River Man

river man

Cormorant fishing on the Li river, Guilin province, China.

I don’t have much to say about this Track of the Week. So, instead, here’s a silly little ditty about the Chinese fisherman’s friend, the cormorant.

The common cormorant, or shag,
Lays eggs inside a paper bag.
The reason you will see, no doubt,
Is to keep the lightning out.

But what these unobservant birds
Have failed to notice is that herds
Of wandering bears may come with buns
And steal the bags to hold the crumbs.

[A Crotchety memory from Verse and Worse.]

It’s unlikely that Nick Drake was thinking of the cormorant fishermen of China and Japan when he wrote River Man, although quite what was in his mind isn’t entirely clear. My personal interpretation is that Nick was feeling stifled by the mores and conventions of the middle-class society in which he was brought up. He envied the river that flowed by, unconstrained by the invisible shackles that bind individuals into a stable, coherent society. As the song puts it:

Going to see the river man
Going to tell him all I can
About the ban
On feeling free.

Perhaps the river is wiser than he. Perhaps the river has the key to his metaphorical ankle-irons. Perhaps if he immerses himself in the river’s swirling thoughts it can set him free.

The lyrics given with this YouTube video are credited to Emily Dickinson and Nick Drake. But the great god Google can find no connection between the American 19th century poet and the English singer-songwriter. There are some curious similarities, though. Both withdrew from public life, becoming semi-detached even from their family and friends. There’s a certain similarity, too, in the major themes of their work: death and mortality in Dickinson’s poetry; dark, autumnal overtones in Drake’s songs. Was River Man influenced by Emily Dickinson’s poetry? Perhaps, but I can find no evidence to support that suggestion.

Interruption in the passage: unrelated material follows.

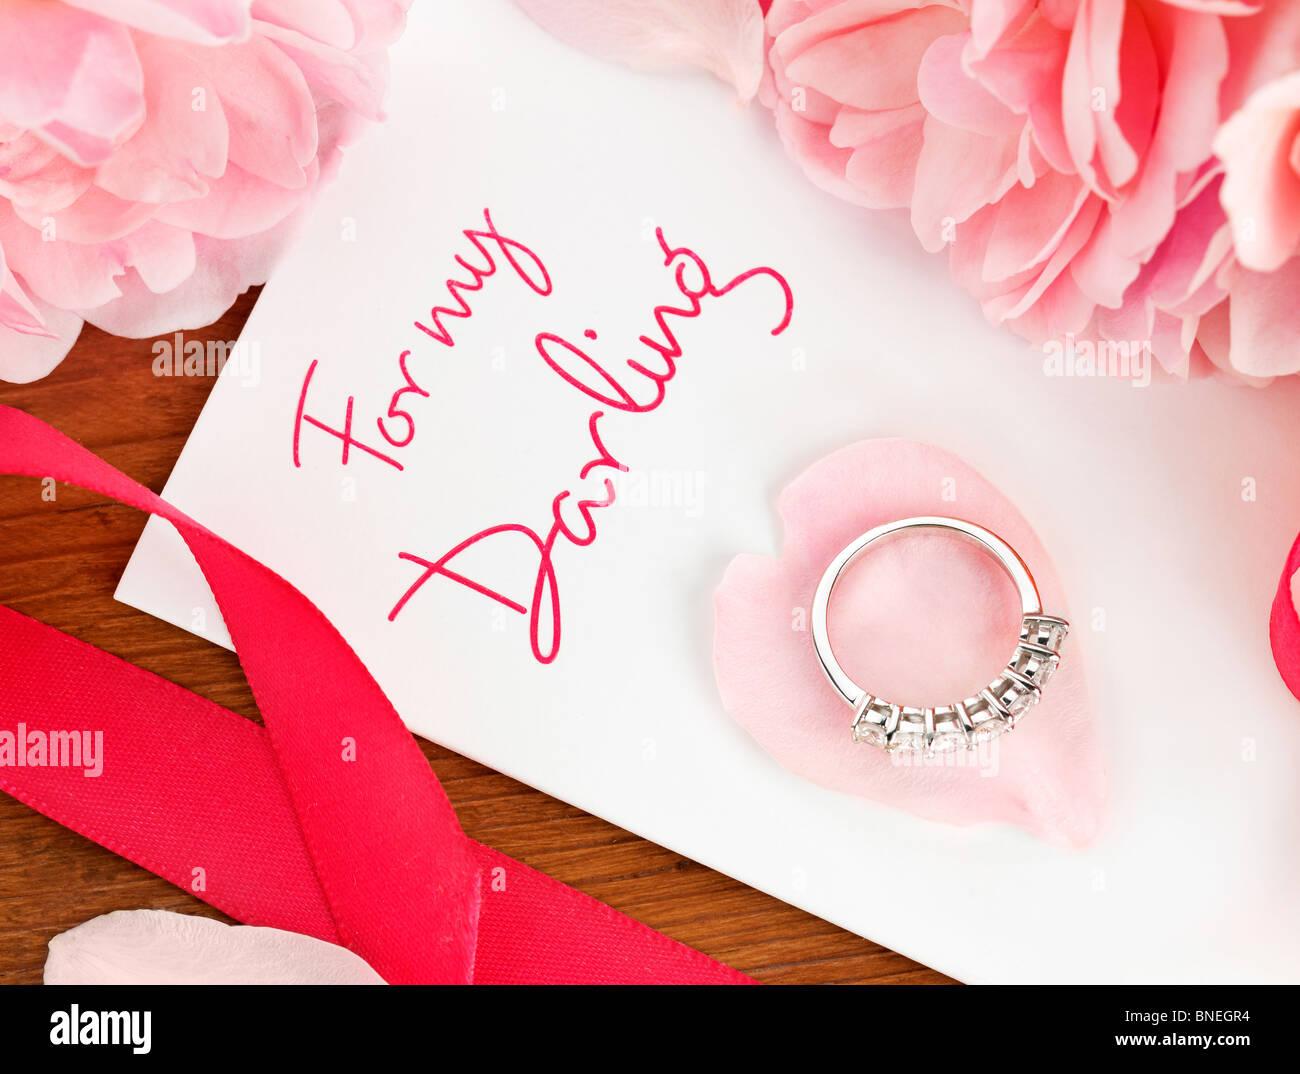 Cartes de Vœux romantique Photo Stock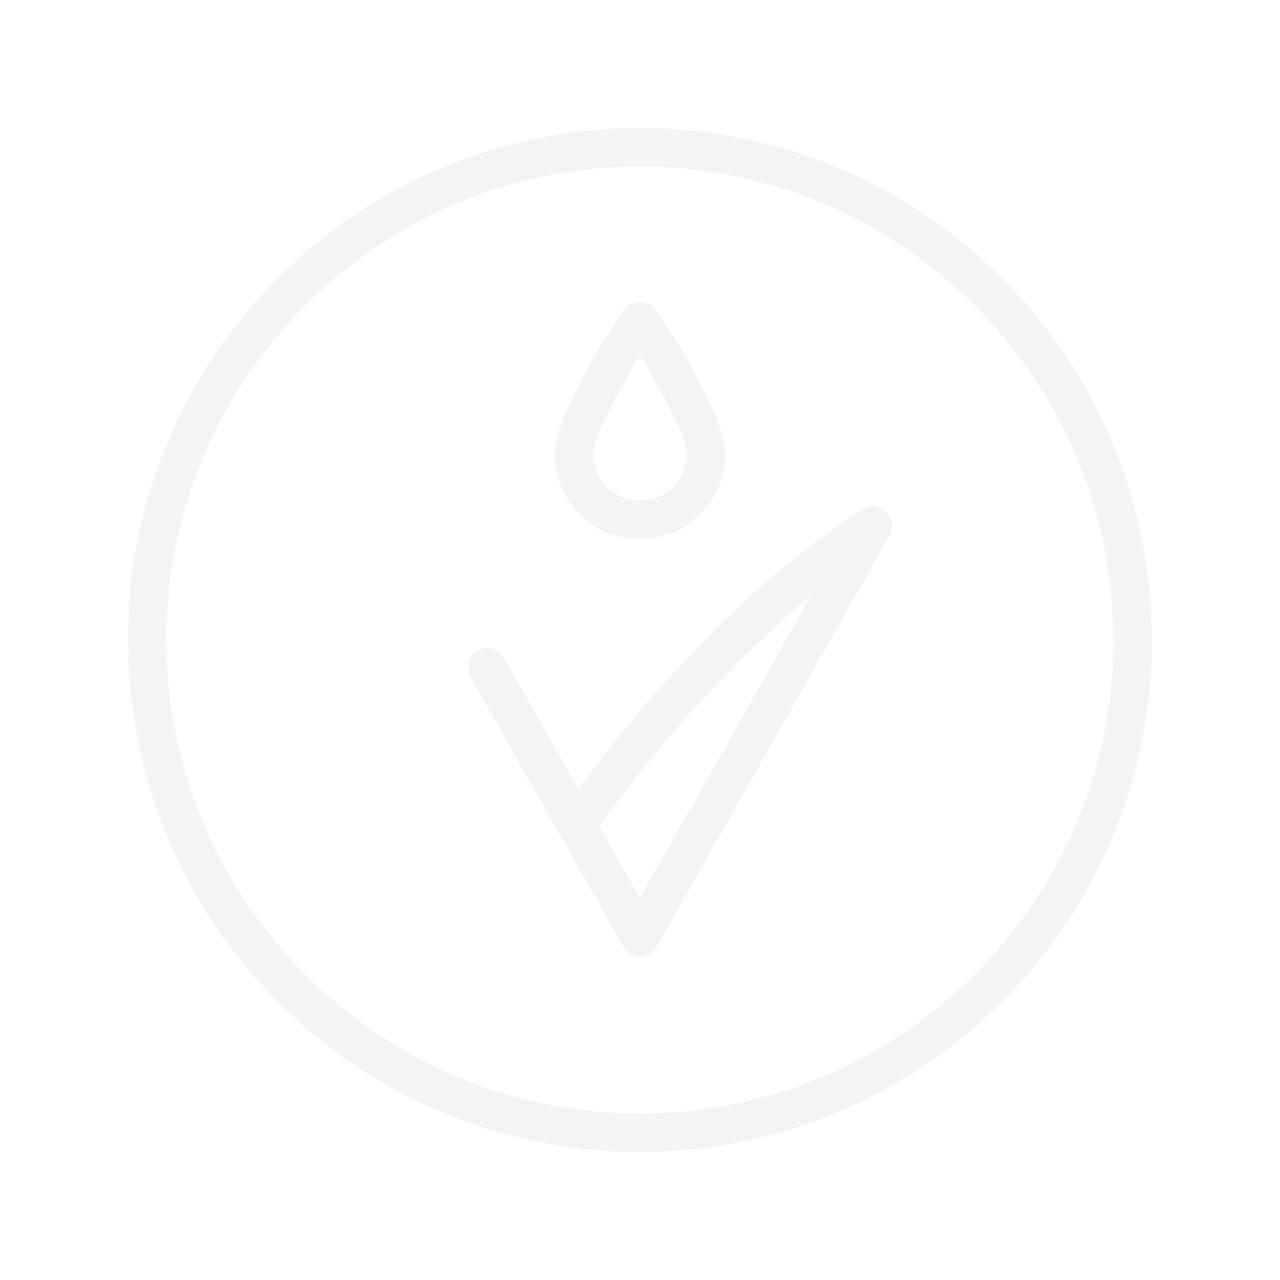 LA ROCHE-POSAY Anthelios Kids Lotion SPF50 250ml

River Man is from Nick Drake’s first album, Five Leaves Left, released in 1969. It was a time when Nick and his record company were expecting considerable commercial success. The song is dusky in tone, but far from gloomy – like dark molten chocolate rather than the looming shadow of sorrow and loss. Nick’s precise guitar playing and warm voice are complemented by Danny Thompson’s resonant double bass and backed by a silky string section. This is a song that is searching for an answer to one of life’s troubles and fully expects to find it.

Unfortunately for Nick neither that first album nor his next two, Bryter Layter (1971) and Pink Moon (1972), sold well. The lack of sales contributed to a developing depression and in 1974, at the age of 26, Drake took an overdose of anti-depressant pills. The coroner concluded that he committed suicide although Nick’s producer, Joe Boyd, prefers to think he was trying to recapture his earlier optimism and “making a desperate lunge for life rather than a calculated surrender to death”.

nick drake

There were no fond retrospectives of Nick Drake’s music immediately after his death but in 1979 a new box set, Fruit Tree, was released and an appreciation of his songwriting talent gradually grew through the 80’s. Although undoubtedly under-appreciated in his lifetime Nick Drake’s influence has turned out to be, like a great river, deep and widespread. For those of us fishing for good music his River Man is as fine a catch as you could hope to land – with or without the help of a cormorant or two.